1. Introduction
Telehealth is becoming a regular part of clinical practice, complementing the traditional in-person healthcare system in various specialties, including cardiology, neurology, radiology, and more. Specifically, remote patient monitoring (RPM) has shown promise in the management of chronic diseases such as diabetes, chronic obstructive pulmonary disease (COPD), and heart failure [
1]. In the work of Su et al. [
2], there is a clear representation of the remote patient monitoring (RPM) protocol for diabetic patients in Nebraska. The monitoring system checks biometric data daily, provided by patients. The data include blood pressure, weight, and glucose levels. Subsequently, a trained nurse makes phone calls to patients at least once a week to monitor alerts indicated by the system and to provide services such as assessing medication adherence, offering nutritional counseling, measuring weight, and supporting disease self-management. The ALTITUDE study [
3] investigates outcomes for patients with implantable cardioverter-defibrillator (ICD) and cardiac resynchronization therapy–defibrillator (CRT-D) devices outside of clinical trials, focusing on mortality following device implantation and shock therapy. The analysis, involving a large cohort from a single manufacturer, compares outcomes between patients monitored in device clinic settings and those regularly transmitting remote data. The results show that the 1- and 5-year survival rates are higher for patients receiving RPM follow-up compared to those monitored only in device clinics. In the work of Cruz et al. [
4], RPM was valuable for COPD patients. In their review, two studies showed a decrease in exacerbations (
p < 0.05) and a significant improvement in health-related quality of life (SMD = −0.53; 95% CI = −0.97–−0.09;
p = 0.019). The findings suggest that home telemonitoring reduces respiratory exacerbations and hospitalizations while enhancing quality of life.
Furthermore, the potential of RPM was extensively explored during the COVID-19 pandemic to alleviate the strain on the healthcare system. Aalam et al. [
5], for instance, elucidated a straightforward RPM workflow for COVID-19 outpatients. In this protocol, all outpatients are required to complete a daily questionnaire regarding their health status. Physicians then contact patients who have not responded to the questionnaire and based on the patient’s responses and a system-generated flag, a decision is made whether they require a telemedicine appointment or admission to the hospital. In conclusion, RPM has proven to be effective in overseeing both chronic illnesses and acute conditions. The utilization of RPM technologies has demonstrated significant benefits in the continuous management and timely intervention of patients with long-term health concerns, as well as in efficiently monitoring and responding to acute health situations. This dual capability underscores the versatility and success of RPM as a valuable tool in modern healthcare, offering a comprehensive approach to enhance patient care across a spectrum of medical needs.
Telehealth is also used within various areas of nephrology, in particular in the field of dialysis.

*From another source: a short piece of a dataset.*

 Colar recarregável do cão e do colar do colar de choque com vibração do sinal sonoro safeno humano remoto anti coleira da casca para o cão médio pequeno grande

Peritoneal dialysis (PD) is performed as a home-based treatment; in this context, telemedicine has been proven to improve clinicians’ surveillance and help maintain patients in their home setting [
6,
7].
Thanks to digital health information technology, wearable blood pressure monitors or weight scales can be connected to a modem that sends the patient’s data to the hospital. In this way, clinicians can evaluate frequent measurements of clinical parameters, both routinely and as needed [
8]. Consequently, when clinical management requires a therapy adjustment, the physicians perform a televisit, as a delivery of health care services, where distance is a critical factor. As suggested by the World Health Organization (WHO), all healthcare professionals will use information and communication technologies for the exchange of valid information for diagnosis, treatment, and prevention of disease and injuries [
9].
Over the last couple of years, automated PD (APD) has been performed using a cycler machine that, through electronic devices, sends the dialysis data to the PD center. Previously, the PD program and the treatments were stored on an electronic card, and with this so-called “card system” the patients or their caregivers had to bring the card to the PD center for review.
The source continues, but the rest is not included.